Парень прикрыл глаза, и по его щекам покатились две слезинки. 

— Из Томска, — прочитала по его губам Ольга. 

С машиной решилось быстро. Старенький темно-зеленый уазик, «буханка» в простонародье, а на войне — «таблетка», потому что такие машины использовали в войсках медроты. Хозяин машины запросил 200 долларов, но помог перенести раненого. И принес из дома два старых матраса. Рассчиталась с ним Ольга. Со стороны боевиков к ней никаких вопросов не возникло: казалось, они вообще не заметили, что она была в селе. 

— Потерпи, — приговаривала Ольга, оставшись с мальчишкой в кузове. — Нам только на территорию наших заехать.

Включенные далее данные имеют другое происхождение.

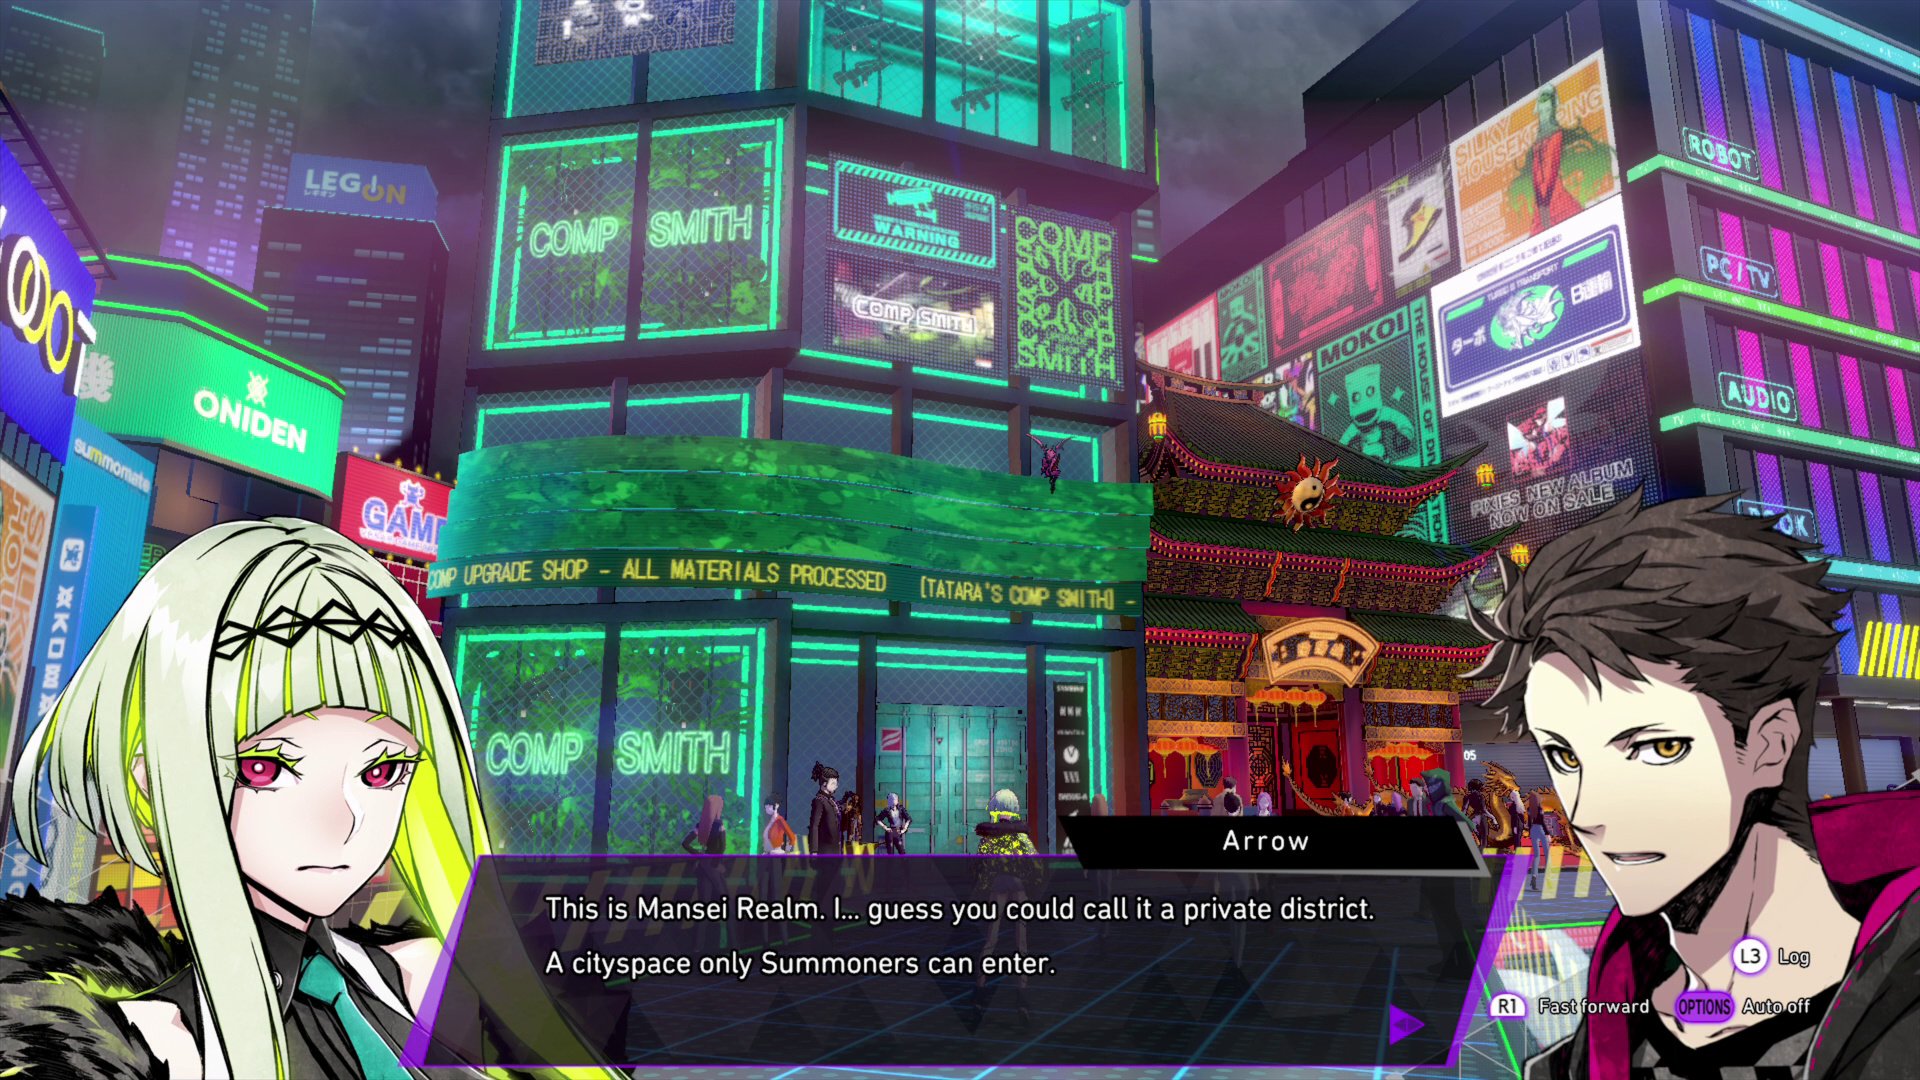 What Can Persona 5 Fans Expect From Soul Hackers 2?

Чудо нам надо, сынок… 

Наташа села в кабину с водителем. 

— А говорила, что ненавидишь федералов… Видишь, как о своих заботишься. Сразу нашла и помощь, и машину, — проходя мимо уазика, язвительно бросил ей обвешанный оружием чеченец из комендатуры.

— Мне всех жалко, — с обидой выкрикнула в опущенное окно Наташа, но боевик только махнул рукой. На войне нельзя быть за всех. Как бы корреспонденты и гуманитарщики ни пытались доказать себе и другим обратное. 

Уазик поехал по пыльной гравийке, петляющей среди подножий гор. Со лба водителя текли капли пота. Шея тоже была мокрой. Стрельнуть могли в любой момент, могли остановить на любом повороте. Зеленый кузов машины нагрелся солнцем, внутри, на двух матрасах, скрипел зубами и кашлял кровью парень. А Ольга, сидя возле него на железном полу, поддерживала его голову на ухабах и рассказывала о городе Томске, о знакомых им местах, о прохладной реке Томь и вереницах фонарей на набережной, где по вечерам гуляет беззаботная молодёжь. О его маме, об ожидании весточки из почтового ящика и о том, что всем на свете управляет чудо.